REPHRASED target question: Is there a 2, and 3 and a 7 hiding in the prime factorization of xy?
Given: 4 is a factor of positive integer x and 9 is a factor of positive integer y
If 4 is a factor of x, then x = 4k for some integer k
If 9 is a factor of y, then y = 9j for some integer j
So, xy = (4k)(9j) = (2)(2)(3)(3)jk (for some integer jk)
Notice that
xy already (before we even examine each statement) has a 2 and a 3 hiding in its prime factorization.
The ONLY missing piece is a 7.
So, IF we get some information that tells us that there's a 7 hiding in the prime factorization of xy, then we can be certain that xy is divisible by 42.
This means we can REPHRASE our target question even more....
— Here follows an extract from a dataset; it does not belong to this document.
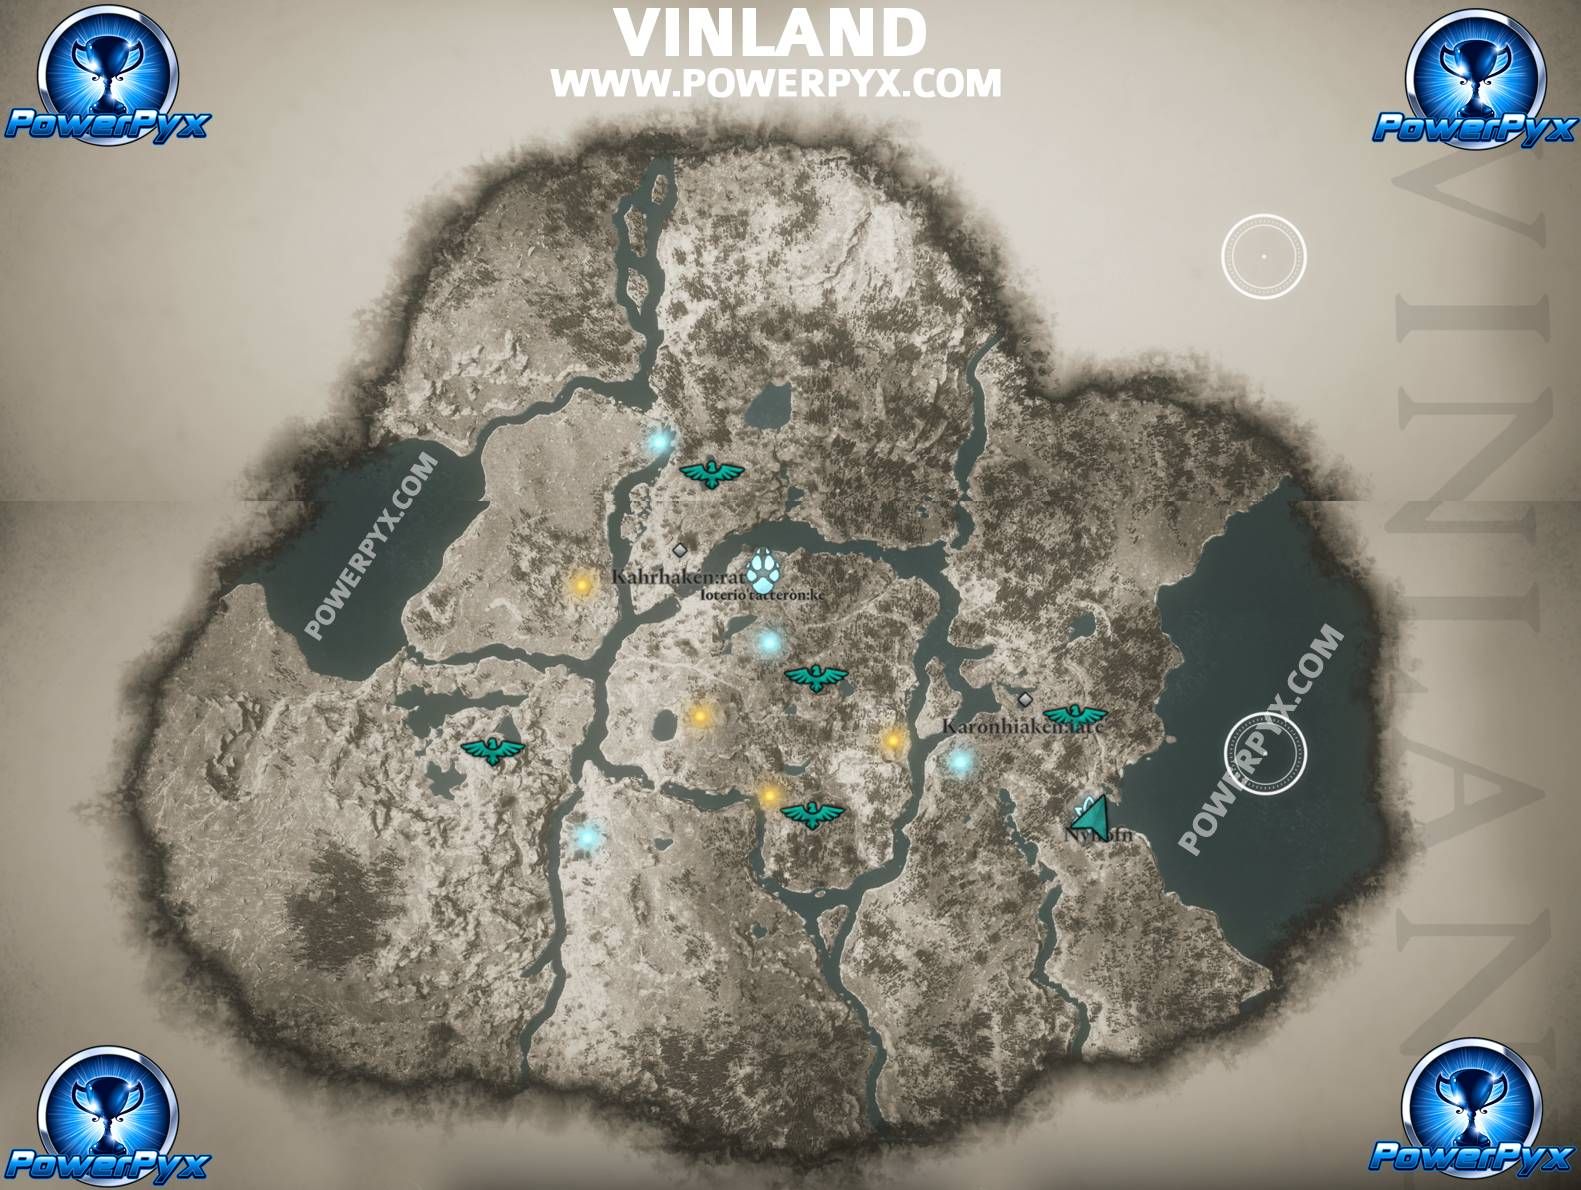 Assassins Creed Valhalla Full Map Revealed (Including Asgard Jotunheim)

RE-REPHRASED target question: Is there a 7 hiding in the prime factorization of xy?
Statement 1: 14 is a factor of x
Since 14 = (2)(7), we know that there's a 2 and a 7 hiding in the prime factorization of x.
This also means there's a 2 and a 7 hiding in the prime factorization of xy.
More importantly,
there's a 7 hiding in the prime factorization of xy.
Since we can answer the
RE-REPHRASED target question with certainty, statement 1 is SUFFICIENT
Statement 2: 25 is a factor of y
Since 25 = (5)(5), we know that there are two 5's hiding in the prime factorization of y.
IMPORTANT: This does not mean there are no 7's hiding in the prime factorization of y.
We just can't be sure.
As such,
we cannot definitively say whether or not there are any 7's hiding in the prime factorization of xy
Since we cannot answer the
RE-REPHRASED target question with certainty, statement 2 is NOT SUFFICIENT
Answer =
A
Cheers,
Brent